Looking back to the last Tory Government in Scotland, it is hard not to shudder at the memory of those bitter battles over industrial economic restructuring. Arguably these were necessary, but they destroyed the Tory mandate in Scotland, perhaps forever.

Yet none of these battles needs to be refought. Privatisation, trade union reform, the withdrawal of industrial support -- all were left intact by New Labour. Big decisions still need to be made at UK level on financial sector regulation and the overall framework of tax and spend. Both will affect Scotland deeply. The Scottish banking sector could benefit from much more competition, making it easier for businesses to access finance as well as reducing the threat from future banking collapses.

Yet one of the many ironies of the credit crunch is that to encourage new market entrants we need less regulation. The alternative is splitting banks up, preventing mergers and separating retail from wholesale banking. What are the odds of such an approach standing up to market sentiment?

So the main economic battleground in Scotland will be over public finances. The Tories plan to increase the tax yield by simplifying and flattening taxes. This means getting rid of reliefs and lowering headline rates. At the same time, they hope that public sector reform in England will lead to productivity gains, allowing tax and spending cuts without harming frontline services.

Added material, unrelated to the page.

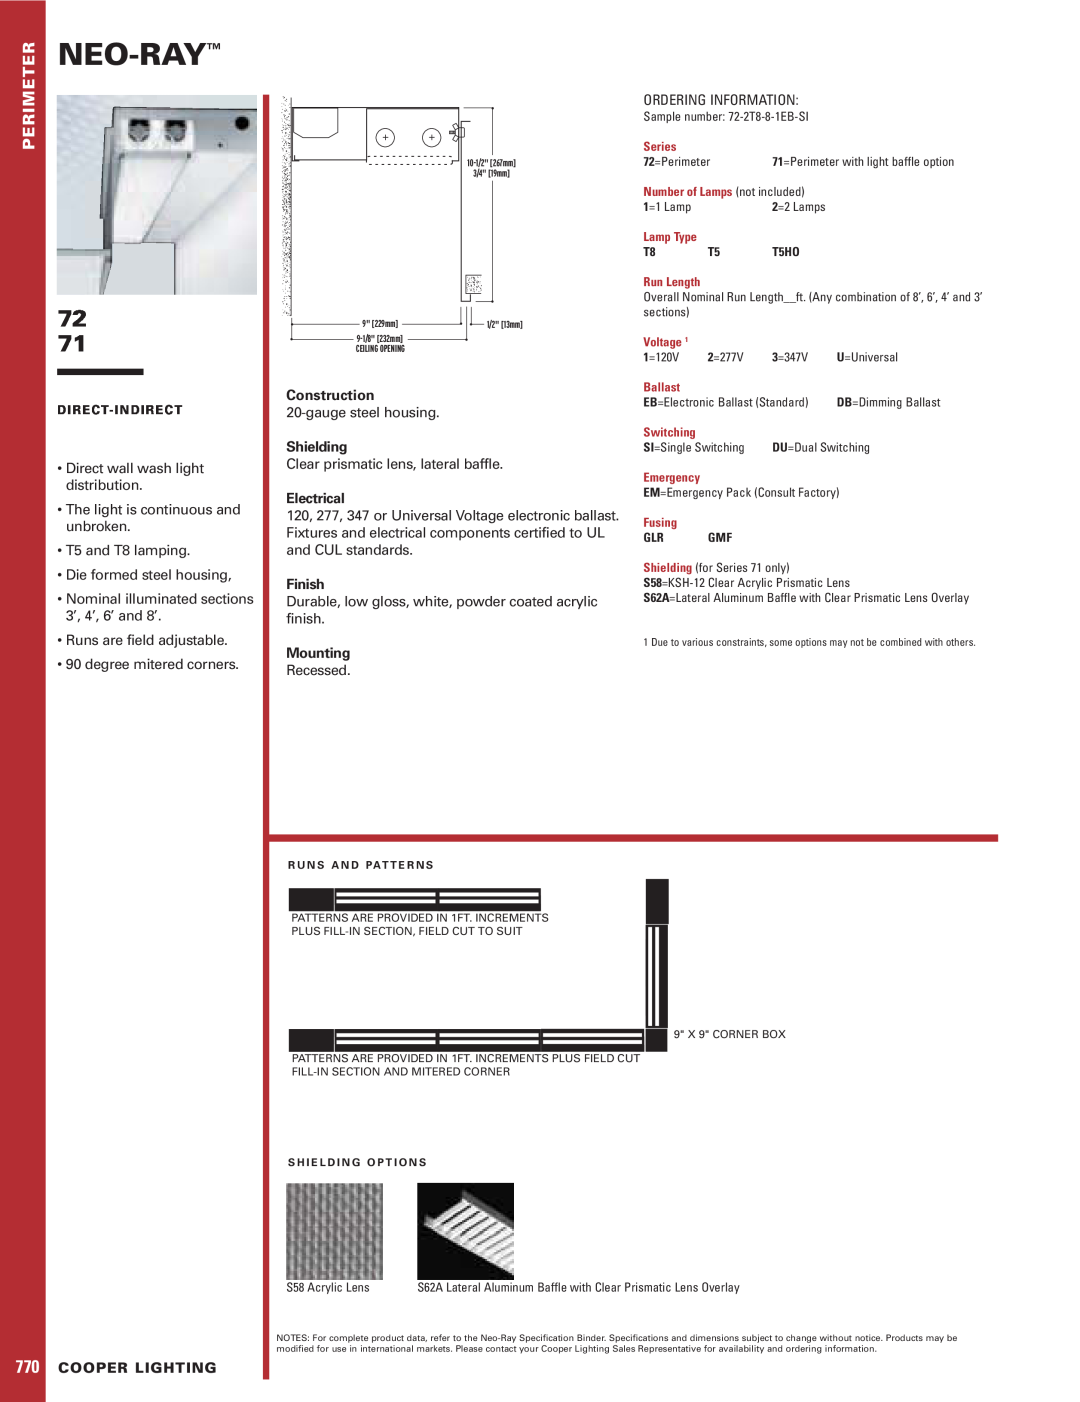 Cooper Lighting 71, 72 specifications Neo-Ray, Construction, Shielding, Electrical, Finish, Mounting, Cooper Lighting

Lower taxes and a sharply reduced deficit may benefit Scotland in the medium term. Yet this medicine will not go down well with Scotland’s political establishment, where there is no consensus on the need for public sector reform. Cuts will be portrayed by the SNP as a malign assault on Scotland.

How the debate pans out will be down to Labour. The traditional line of damning an illegitimate Tory government would play into the hands of Alex Salmond. A more far-sighted critique would be of the Scottish Government’s response to difficult times. What price the Second World War-era solution of a Labour Secretary of State for Scotland in a Tory-led Cabinet?